Hackers are taking notice

As connectivity grows, however, so too will potential cybersecurity holes. The federal government and carmakers have already expressed concerns about the potential for increased vehicle cyber attacks.

Last week, the U.S. Department of Transportation (DOT) released guidance to the auto industry (PDF) for self-driving and highly automated vehicles, which included security recommendations. For example, the DOT stated, consumers should receive “meaningful data privacy and security notices,” along with choices about “collection, use, sharing, retention, and deconstruction of data, including geolocation, biometric, and driver behavior data that could be reasonably linkable to them personally.”

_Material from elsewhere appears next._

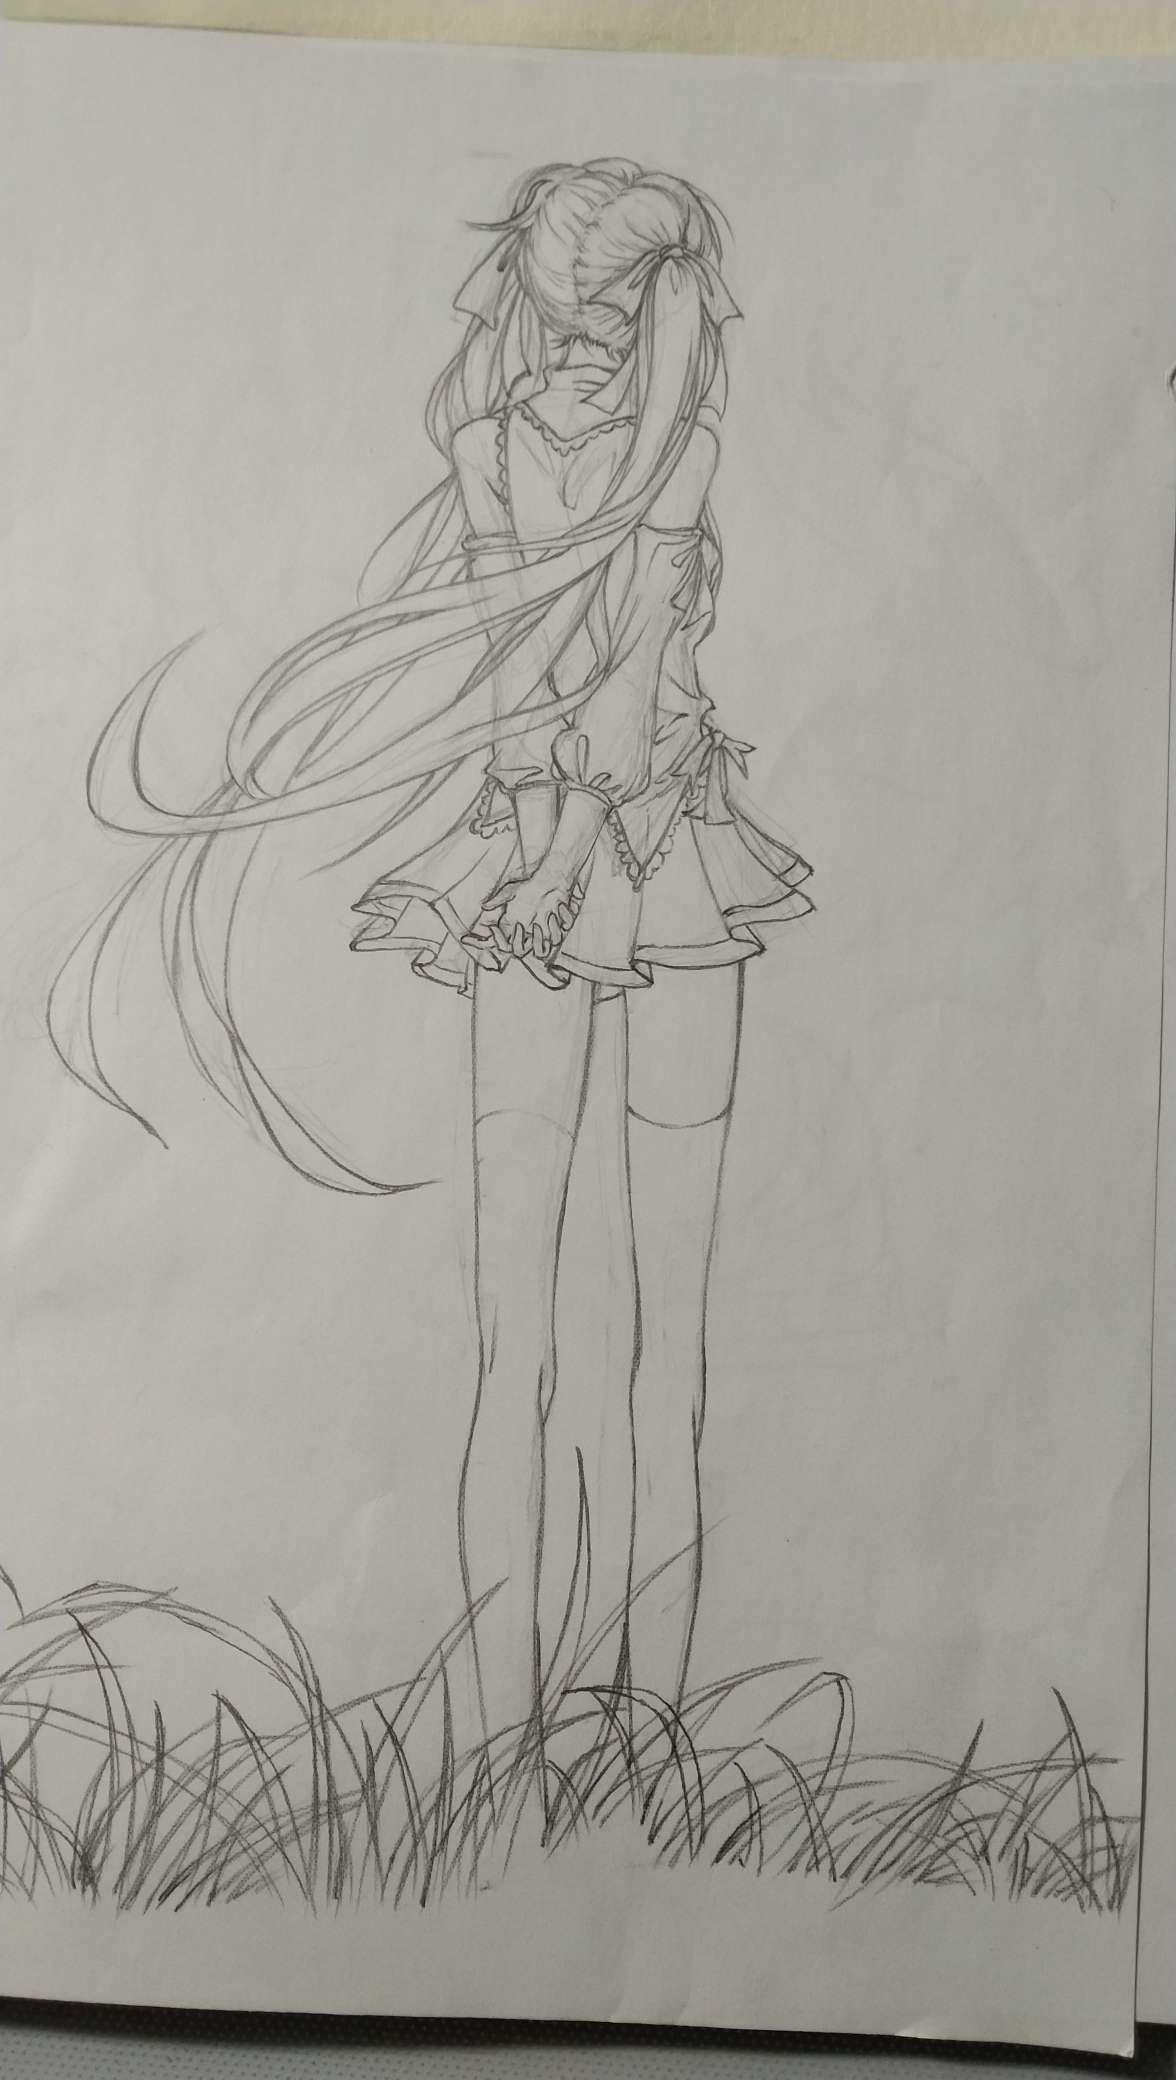 【手绘】提供手绘线稿第一期-小柚妹站

Cybersecurity V2I vehicles cars security

Security is on consumers’ minds. In July, KPMG released a survey of 449 car-owning consumers. Some 70% stated they are concerned about the possibility of their car being hacked within the next five years, and if their car was hacked, 79% said it would leave them with a negative perception of the automaker.

The concern cuts across generational lines, with 83% of baby boomers and 74% of millennials saying a hack would damage their view of that automaker, the KPMG report stated.

“Cyberattacks are affecting nearly every single company we encounter, but we’re not seeing those attacks drive enough proactive business action as evidenced by the rate of investment made in information security,” Greg Bell, KPMG’s Cyber U.S. Leader, said in a statement. “We’re still seeing companies taking a passive or reactive approach toward cybersecurity, when in fact cyber should be a top-line business issue thought about and practiced company-wide.”